### Information supplied
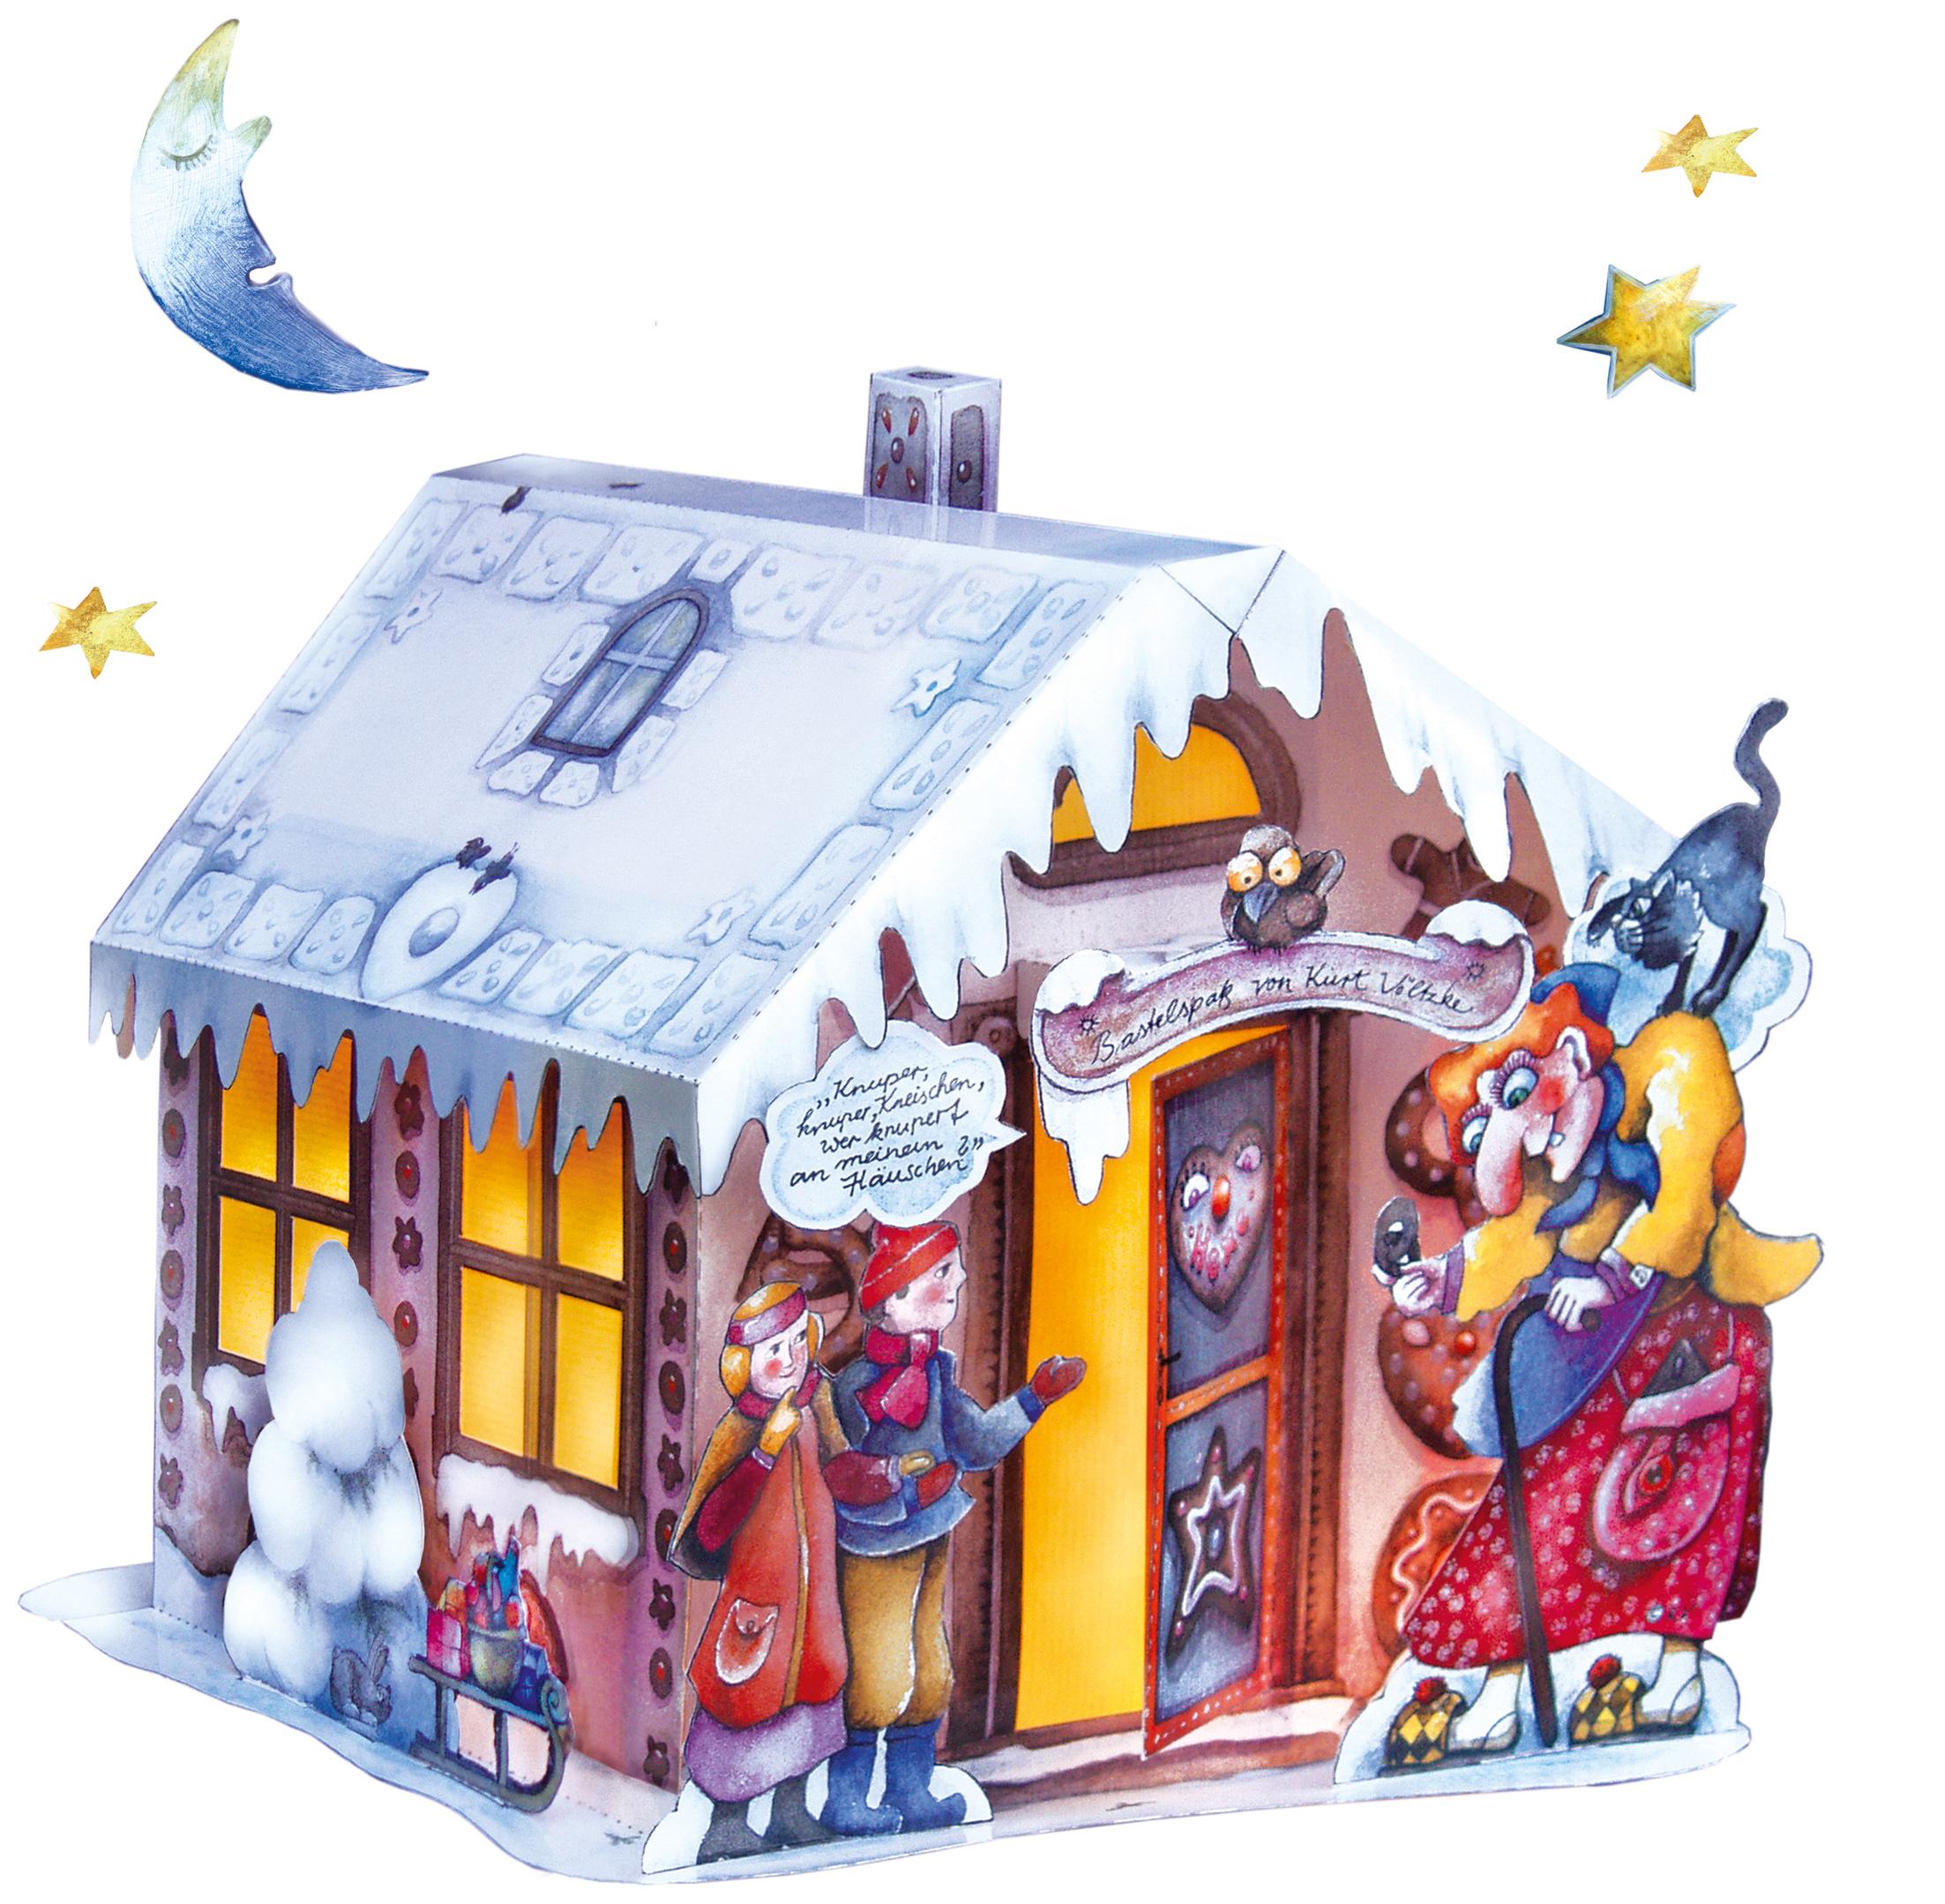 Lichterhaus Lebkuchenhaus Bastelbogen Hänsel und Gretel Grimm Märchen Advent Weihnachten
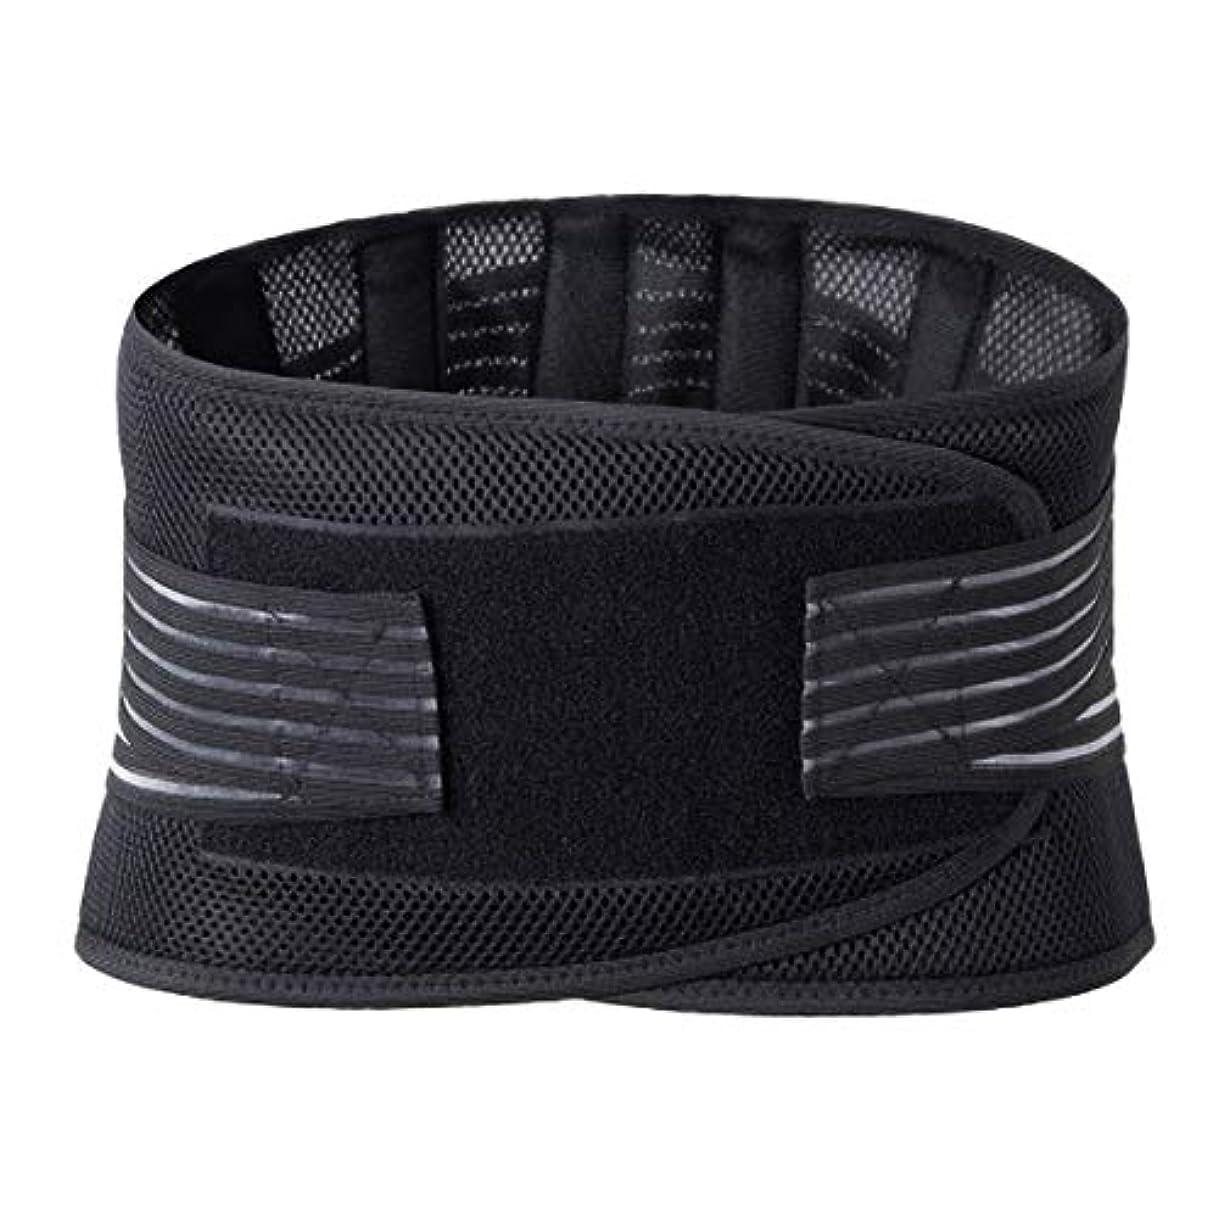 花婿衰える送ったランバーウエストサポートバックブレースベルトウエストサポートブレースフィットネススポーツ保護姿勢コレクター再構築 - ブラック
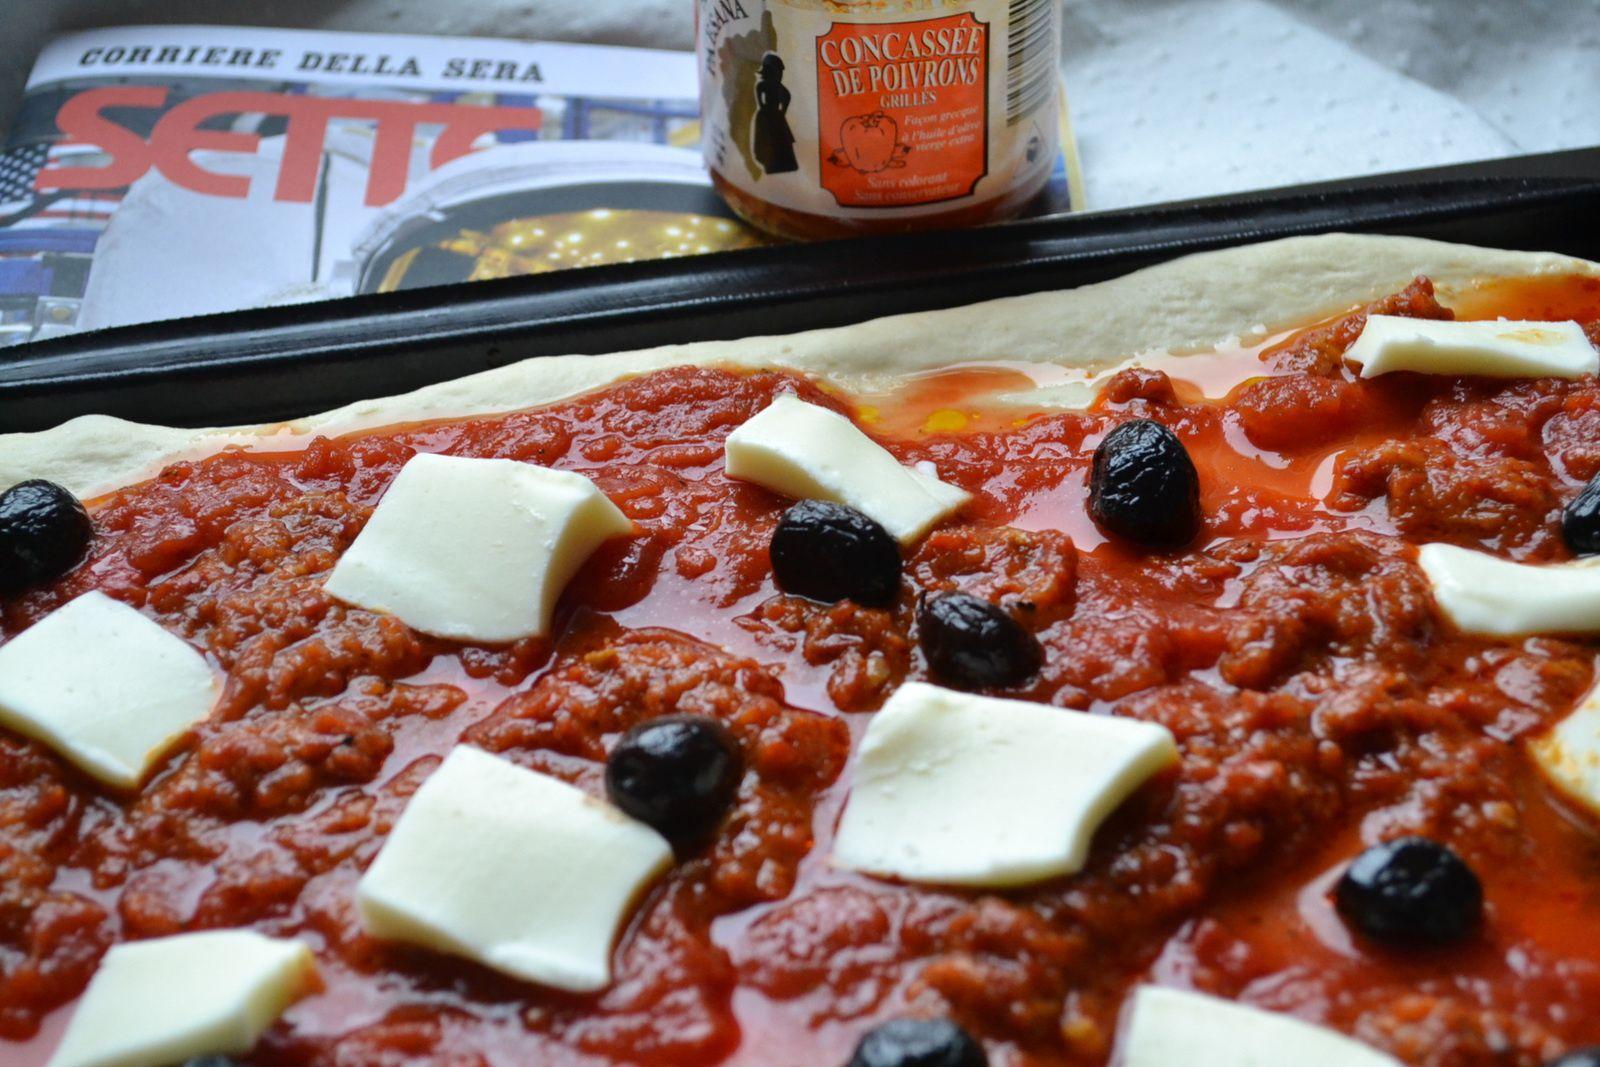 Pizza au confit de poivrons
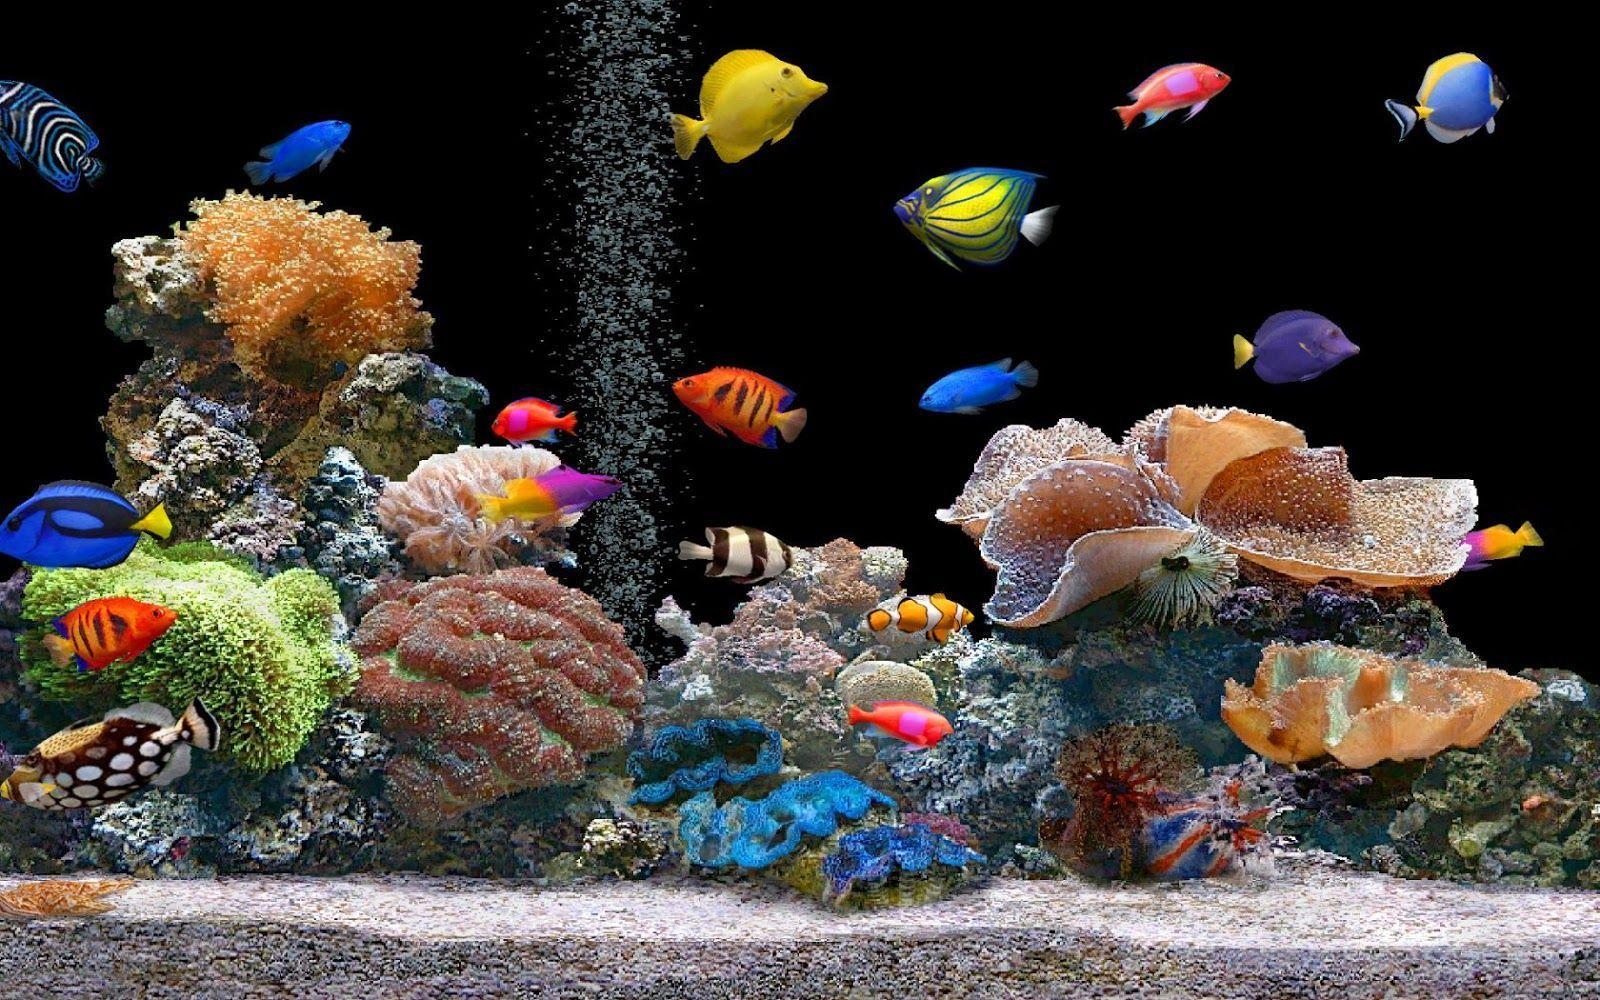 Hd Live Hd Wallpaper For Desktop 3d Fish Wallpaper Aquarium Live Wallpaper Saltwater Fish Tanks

### Work order
Output the full listing verbatim, but drop the images.

### Exercise output
 Lichterhaus Lebkuchenhaus Bastelbogen Hänsel und Gretel Grimm Märchen Advent Weihnachten
 花婿衰える送ったランバーウエストサポートバックブレースベルトウエストサポートブレースフィットネススポーツ保護姿勢コレクター再構築 - ブラック
 Pizza au confit de poivrons
 Hd Live Hd Wallpaper For Desktop 3d Fish Wallpaper Aquarium Live Wallpaper Saltwater Fish Tanks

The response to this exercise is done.